The pace of construction activity is slowly picking up here, but it is far from business as usual.
Firms continue to grapple with new Covid-19 infections and labour challenges as well as strains on costs, cash flow and profits.
The knock-on effect has been a three-to six-month delay in construction timelines.
The sector is expected to contract 23 per cent this year from last year, according to official forecasts in September, down from the June estimate of an 11.4 per cent decline.
The Government has pumped in significant financial support.
Around 1,500 construction firms have tapped these relief measures but these are temporary, so companies need to review and revise business models to be sustainable in the long term.
RAMP UP USE OF TECHNOLOGY
Companies are looking to technology to help comply with safe distancing rules.
Three in five small businesses here, including those in construction, plan to invest in such technology, noted a study by United Overseas Bank (UOB), Dun & Bradstreet and Accenture.
One initiative is the Building and Construction Authority's (BCA) Integrated Digital Delivery (IDD) implementation plan.
Tiong Aik Construction, a longstanding UOB client, has used IDD to integrate and oversee its entire project delivery process digitally - from design to off-site fabrication, on-site assembly, operations and building maintenance schedules.
This has enabled project teams to work from different locations as they can exchange information on the same secure digital platform.
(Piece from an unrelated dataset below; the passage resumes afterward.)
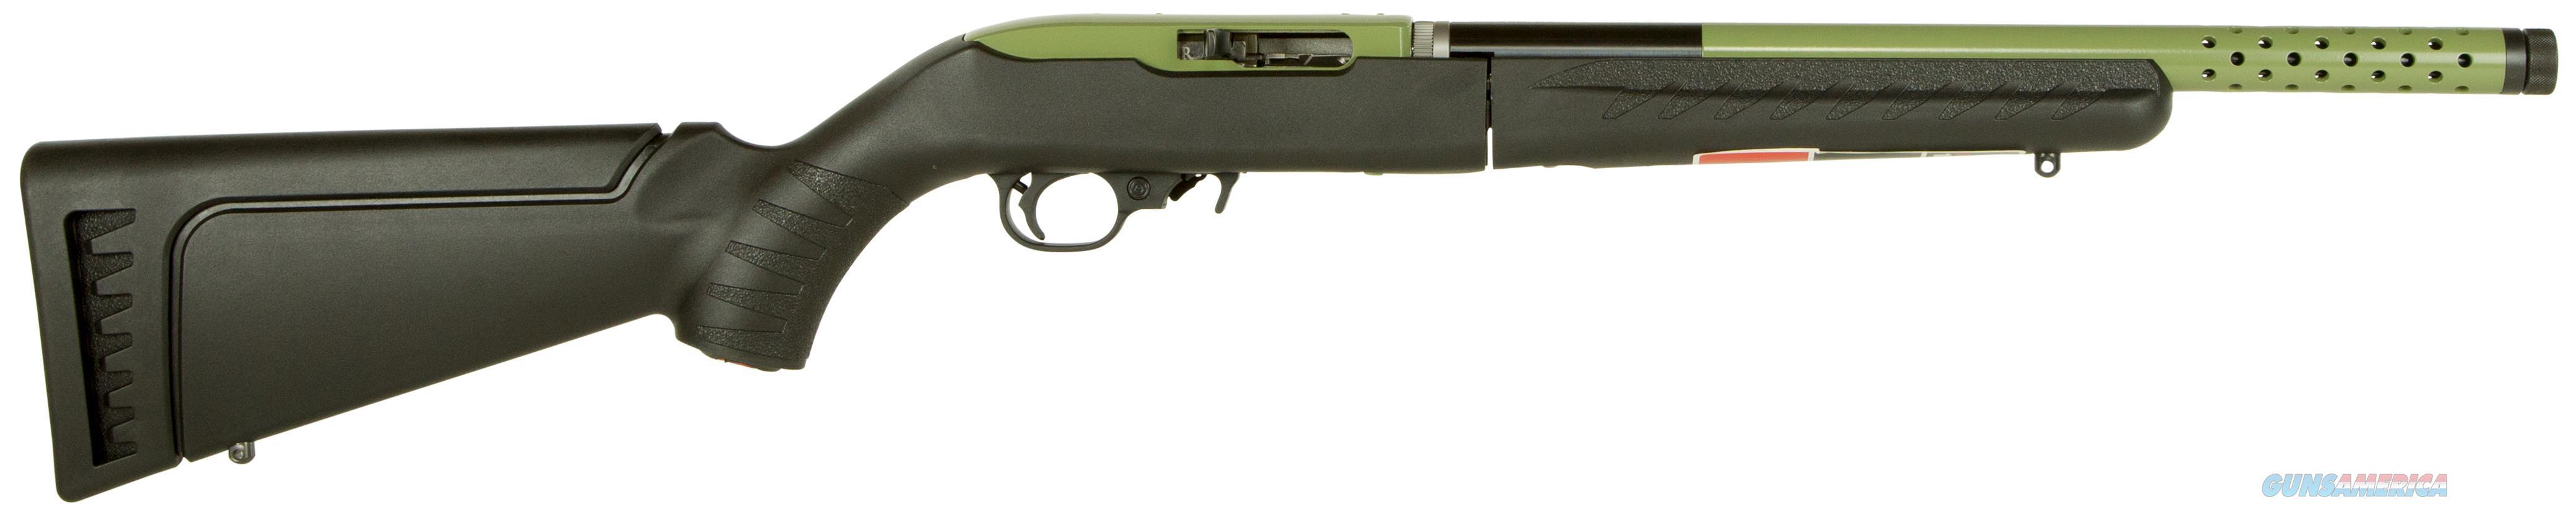 "Ruger 21155 10/22 Takedown Lite Semi-Automatic 22 Long Rifle (Lr) 16.1"" 10+1 Synthetic Black Stk Green 21155  Guns > Rifles > R Misc Rifles"

It has reduced the amount of manpower at worksites and ensured that safe distancing rules are met.
Productivity has also improved as a result of going digital, with more employees now able to do other higher-value work rather than manual, mundane tasks.
STRENGTHEN SUPPLY CHAINS
The pandemic has also cast a spotlight on the resilience of supply chains.
Many construction firms found their supply chains disrupted as a result of China's lockdown measures earlier in the year. These disruptions, coupled with price volatility, have made it difficult for companies to manage projects.
While prices have started to stabilise after China eased its lockdown, uncertainty remains over the possibility of new waves of Covid-19 infections globally and the impact on supply chains.
As such, companies need to plan for the possibility of future disruptions and look beyond their usual suppliers to enhance supply chain resilience.
Smaller construction firms, in particular, must tackle this problem with greater urgency as they are more susceptible to disruption.
One way to achieve this is by tapping the support of partners - including banks, government bodies and industry associations - to forge new partnerships.
These organisations can also help firms understand local regulations and business practices, as well as iron out potential issues upfront.
In addition, with the help of their banking partner, construction companies can better overcome concerns such as the lack of trust when dealing with a new supplier.
One way is through trade financing solutions that enable the buyer to make payment only upon the receipt of goods.
UOB has also stepped up its support for construction companies by providing value chain financing. By connecting various parties involved in a project - from contractors to project managers - the bank creates an ecosystem where it can draw insights on the collaboration and track record of participants to assess each firm's financing needs and eligibility holistically.
Value chain financing can be used to extend credit to those who may have been ineligible for bank loans previously, thereby allowing more players to complete projects in a timely manner.
UOB recorded a twofold increase in the number of construction firms securing loans under value chain financing in the first six months of the year compared with the end of last year.
DEVELOP EXPERTISE IN SUSTAINABILITY
The impact of the pandemic on the broader economy will also likely affect the future of building and construction as healthcare and manufacturing projects are expected to increase in the near term.
Demand for tourism, hospitality, retail and entertainment-related projects will continue to stall. The Government announced, for example, that building the fifth terminal at Changi Airport will be paused for at least two years, given the uncertainties in the tourism industry.
An area where demand is expected to remain strong is in the construction of green buildings. For example, the BCA is reviewing rules on air-conditioning and mechanical ventilation based on lessons learnt from Covid-19.
The Singapore Green Building Council noted that traditional air-conditioning systems in most commercial buildings circulate up to 90 per cent of indoor air, which keeps pathogens within the premises for a long time.
It is now likely that more buildings, whether newly designed or upgraded, will incorporate green features, which help reduce the transmission of viruses and have lower carbon footprints.
This is in line with the BCA's target of having at least 80 per cent of buildings certified with its Green Mark by 2030.
It also launched the Super Low Energy (SLE) Building Programme in 2018 to encourage firms to exceed existing Green Mark Platinum standards and to drive innovations in design and material science.
The SLE Programme encourages companies to develop buildings with best-in-class technologies to achieve a minimum of 60 per cent energy efficiency improvement over 2005 levels.
Given the commitment to environmental sustainability from the Government and the industry, it will be essential for construction firms to build up their sustainability offerings to capture growth opportunities in this area.
While it is difficult to predict how the world will operate when Covid-19 is defeated, the trends of digitalisation and environmental sustainability in construction will remain as the new normal.
Those that can adapt their business models stand the best chance for a stronger future.
• The writer is the head of construction and infrastructure of the sector solutions group at UOB.